A Long Kiss Goodnight

I blink at him, panting and delirious. I take a deep breath, look out the window and realize I’m back at my Hamptons hideaway. I faintly hear Michael getting out of the driver’s seat and I realize I need to pull myself together.

“Oh, that was quick.” I respond trying to sound nonchalant but I know he knows better. I slide off his lap back into my seat, grazing his erection with my ass as I go and I can hear a sharp intake of air.

“You know, you don’t have to go. I don’t want you to leave.” He says softly, turning my face towards him, holding me with his gaze. I can hear the sincerity of his words, causing my core to tighten.

“I can’t. Not tonight.” I whisper, with my eyes turned downward, because I lacked the conviction of my own words. Every part of me is aching for this man, but if I give in now I am finished. No matter what my body demands, I have to maintain control. I pull away from him to allow for distance before I cave on my own resolve.

“You can’t or you won’t?” He says.

“I won’t. I told you I don’t want to be a statistic.” 

Jonathan closes his eyes and takes a deep sigh. “Okay, Madison. I’ll play it your way…for now.” He states through tight lips alerting me to his displeasure. 

The passion between us cools and I’m relieved. The longer I’m in this backseat, the sooner my control will break. Jonathan drags his hands through his now disheveled dark wavy hair and adjusts himself in his pants. I can’t help the giggle that escapes me as he tries to reestablish his perfect appearance. 

“Laugh now because sooner or later those ankles will be up by my ears. And the word ‘No’ won’t be in your vocabulary.” He replies with a self-assured tone looking me straight in the eye.

“We will see.” I retort and reach for the handle to open the door. Michael is there to help my exit.

“Thank you Michael.” I say with a smile.

“My pleasure Miss Davis.”

I step out and can feel Jonathan closely behind me. He is quiet as we walk up the gravel path to the front door, feeling his heat radiating on my back. I turn around and his proximity doesn’t alter. I look up at his beautiful face and still see the longing in his eyes.

“Thank you again for a wonderful night.” I say softly.

“The pleasure was all mine, Madison.” He says, scooping me into his arms.

 Pressing my face against his chest, I inhale the crispness of his shirt, the alluring aroma of his cologne and his natural scent causing a feeling of calmness to wash over me.  His hands slide down my waist to my hips and the rest there possessively. When I look up, I see something in his eyes that isn’t lustful like before, but is sad. Before I can silently question his change, he leans down and places a soft kiss on my lips, obliterating the thought. Unable to help myself, I pull him into me tighter to deepen our melding.
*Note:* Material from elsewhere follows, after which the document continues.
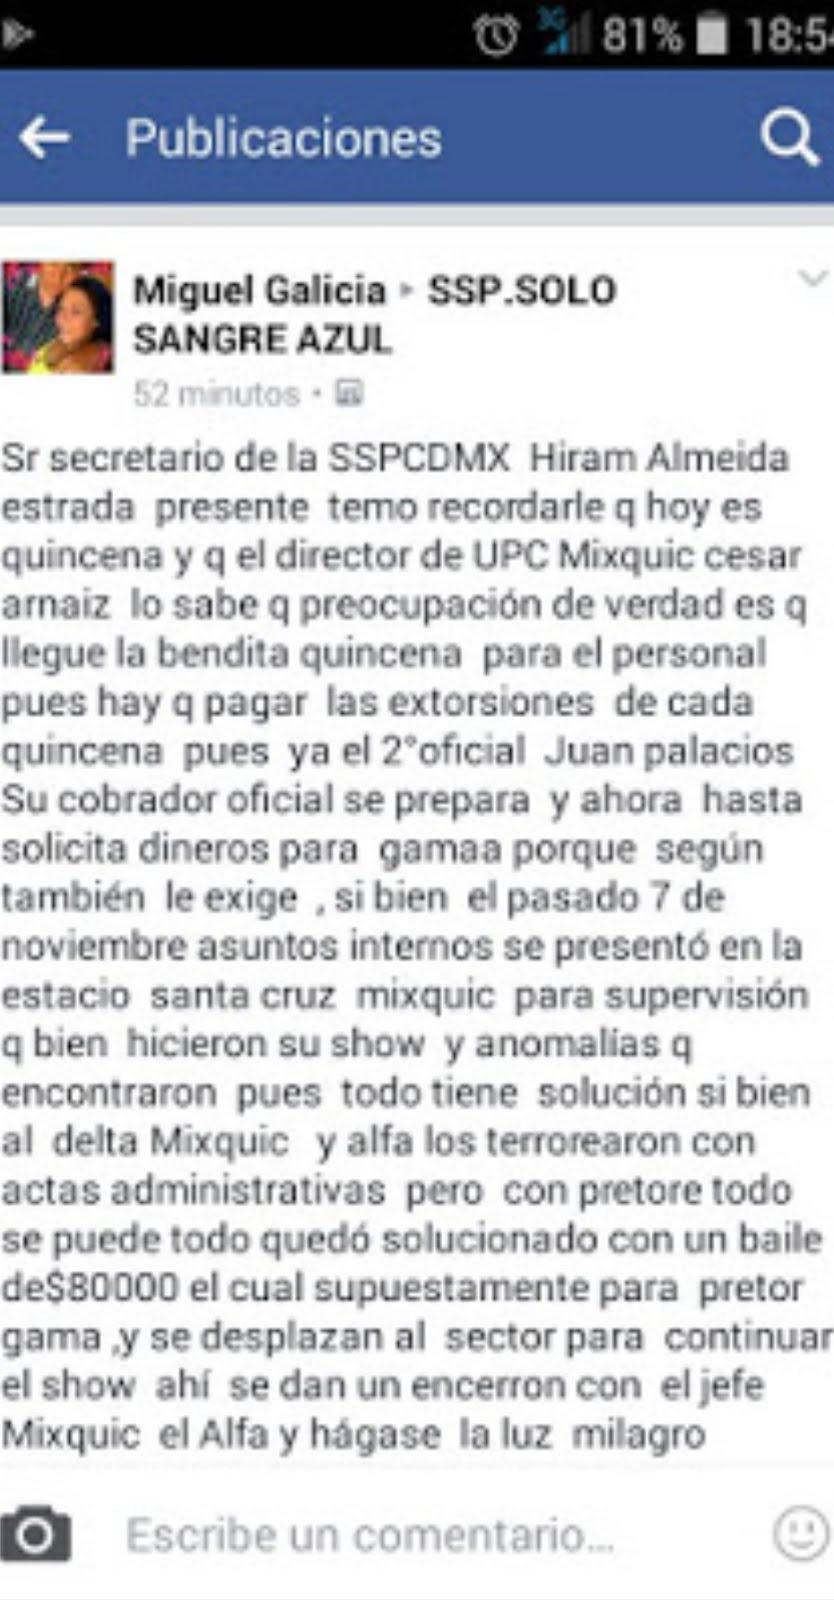 El hediondo tufo de la corrupción policíaca en el sector Mixquic
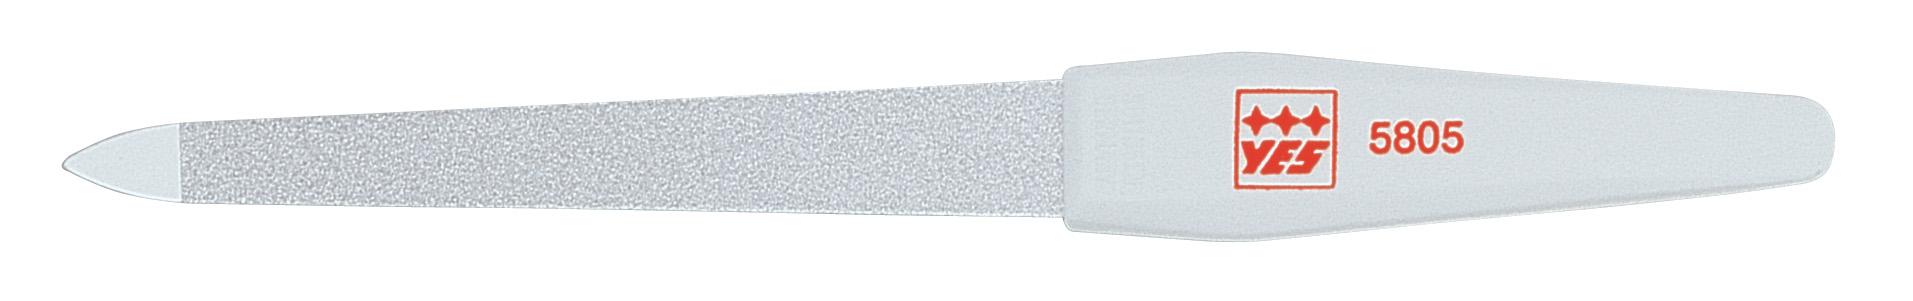 Becker-Manicure YES Пилочка 15см. 95805FA-8115-1 White/greyПилочка для ногтей изготовлена из высокоуглеродистой стали. Пилочка имеет двухстороннее сапфировое напыление: более крупное с одной стороны для формирования формы и мелкое с другой для завершения шлифовки ногтя. Длина пилочки 15 см.Хранить в сухом недоступном для детей месте. Замена изделия не осуществляется в следующих случаях:- Использование не по назначению- Самостоятельный ремонт- Нарушение условий хранения

By the time I pull away, we are both breathless again.

“Tomorrow. I’ll come get you tomorrow at noon. Dress comfortably.” He murmurs and kisses me sweetly on the forehead.

“Tomorrow.”  

He breaks our hold and steps back reluctantly as I scramble around my purse for the key. Locating it, I half twist to place it in the lock and take a deep breath as I turn the key. Turning back, I give Jonathan a shy smile.

“Goodnight Jonathan.”

“Goodnight.”

As he turned to walk away, I watch him mesmerized, still feeling the pull to be next to him. Even from the back he commanded my desire, as he walked confidently to the waiting SUV and climbs in. Just before Michael closes the door, he finds my eyes and I give him a slight wave and he replies with a boyish grin. The door closes and he is gone into the darkness.

I turn and finally head though the door, locking it behind me. I note the silence in the house and am thankful Ashely is out so I don’t have to go through a blow by blow at the moment. I’m lightheaded again and know it’s from my mind in overdrive and the wine. I fling off my heels for fear of falling and lean against the door. My knees are weak and I have an overwhelming quiver in my belly. 

I reach down, grab my heels to head upstairs. My steps are slow and labored as I try to reestablish my equilibrium. Finally reaching my room, I remove my date attire and lack the energy to set them anywhere but the middle of the floor. The central air wafts over my stimulated skin, but it does little to quiet yearning coursing through me.

I throw on white cotton tank and walk into the bathroom.  I brush my teeth and wash my face while replaying moments of my night with Jonathan, the dinner…the backseat…the throbbing between my legs. As I wipe my face with the towel, I secretly pray that I haven’t lost my mind. Why am I so frazzled by this guy?  What has me so far removed from reality that I’m allowing myself to feel and not think?  The word pathetic crosses my mind. I shake my head to dislodge the negative assertion of myself and walk out the bathroom.

I climb into bed, reach over to the nightstand to charge my phone as the voice takes over to reestablish reason and ask the questions I want to ignore. Pulling the covers tightly over myself, the questions start.

Is he just playing a game? What is wrong with him? Got to be something wrong with him. I take a breath to manage the anxiety, then reach into my little travel bag and take out my favorite vibrator. Turning it on I think about the possibilities with Mr. Cain as I enjoy my own touch.